I wrote a code to remove the background of 8000 images but that whole code is taking approximately 8 hours to give the result.

  • How to improve its time complexity as I have to work on a large dataset in future?
  • Or do I have to write a whole new code? If it is, please suggest some sample codes.
from rembg import remove
import cv2
import glob
for img in glob.glob('../images/*.jpg'):
   a = img.split('../images/')
   a1 = a[1].split('.jpg')
   try: 
     cv_img = cv2.imread(img)
     output = remove(cv_img)
   except:
     continue
   cv2.imwrite('../output image/' + str(a1[0]) + '.png', output) 
Christoph Rackwitz
  • 11,317
  • 4
  • 27
  • 36
Hyphen
  • 21
  • 6
  • This may be more appropriate for https://codereview.stackexchange.com – Chris Sep 13 '22 at 05:42
  • 2
    See **Method 8** here for a possible approach https://stackoverflow.com/a/51822265/2836621 – Mark Setchell Sep 13 '22 at 06:57
  • if you want another method for background subtraction in videos check the [BGSLibrary](https://github.com/andrewssobral/bgslibrary); there is a benchmark section on the github page – t2solve Sep 13 '22 at 14:58

4 Answers4

1

One simple approach would be to divide the work into multiple threads. See ThreadPoolExecutor for more.

You can play around with max_workers= to see what get's the best results.

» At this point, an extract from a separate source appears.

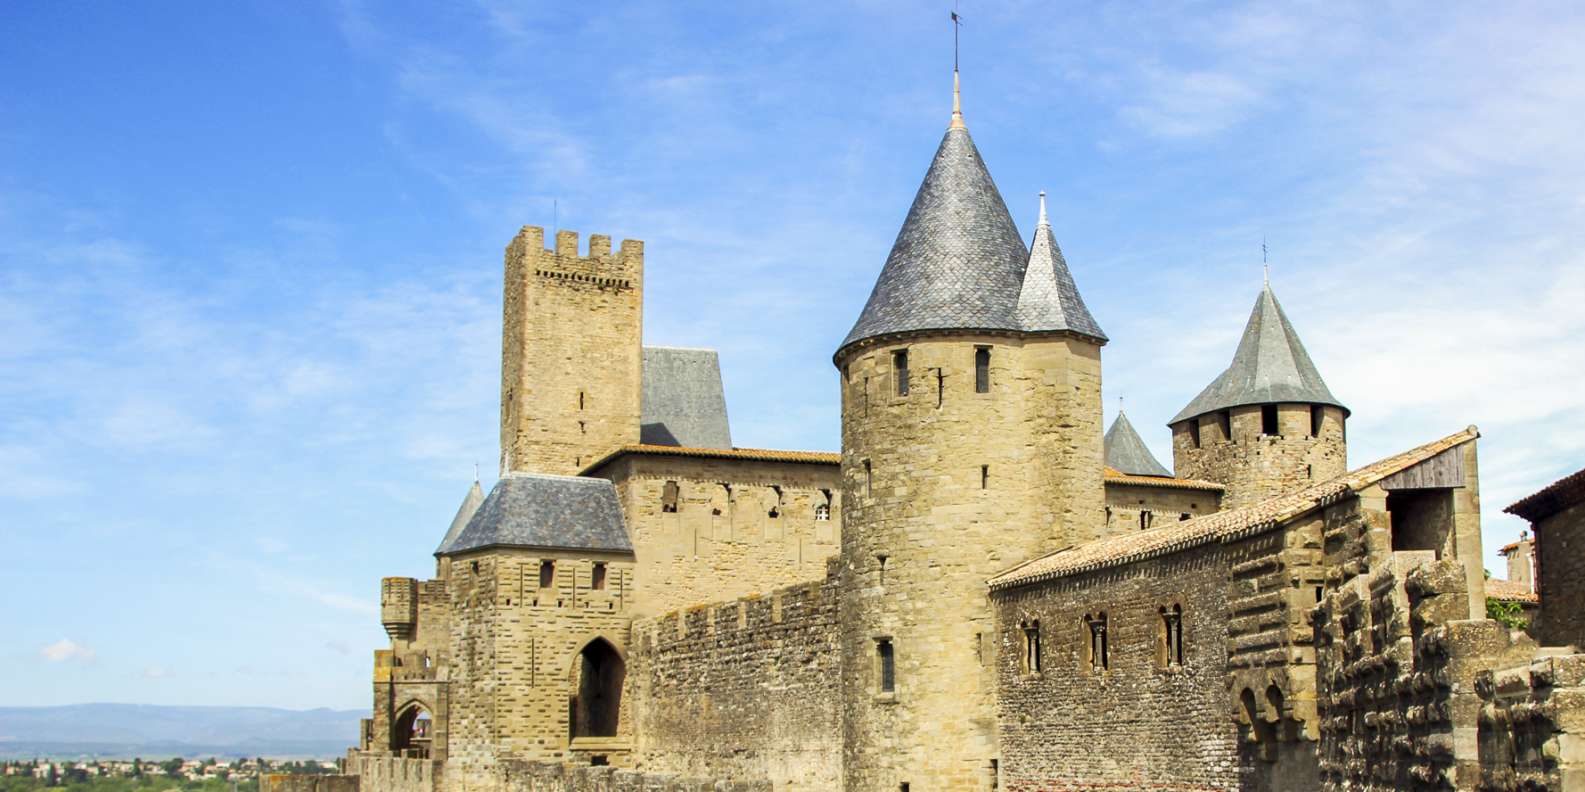 Cité de Carcassonne, Carcassonne - Réservez des tickets pour votre visite

Note that max-workers can be any number between 1 and 32.

This sample code is ready to run. It assumes the image files are in the same directory as your main.py and the output_image directory exits.

import cv2
import rembg
import sys
from pathlib import Path
from concurrent.futures import ThreadPoolExecutor


out_dir = Path("output_image")
in_dir = Path(".")


def is_image(absolute_path: Path):
    return absolute_path.is_file and str(absolute_path).endswith('.png')


input_filenames = [p for p in filter(is_image, Path(in_dir).iterdir())]


def process_image(in_dir):
    try:
        image = cv2.imread(str(in_dir))
        if image is None or not image.data:
            raise cv2.error("read failed")
        output = rembg.remove(image)
        in_dir = out_dir / in_dir.with_suffix(".png").name
        cv2.imwrite(str(in_dir), output)
    except Exception as e:
        print(f"{in_dir}: {e}", file=sys.stderr)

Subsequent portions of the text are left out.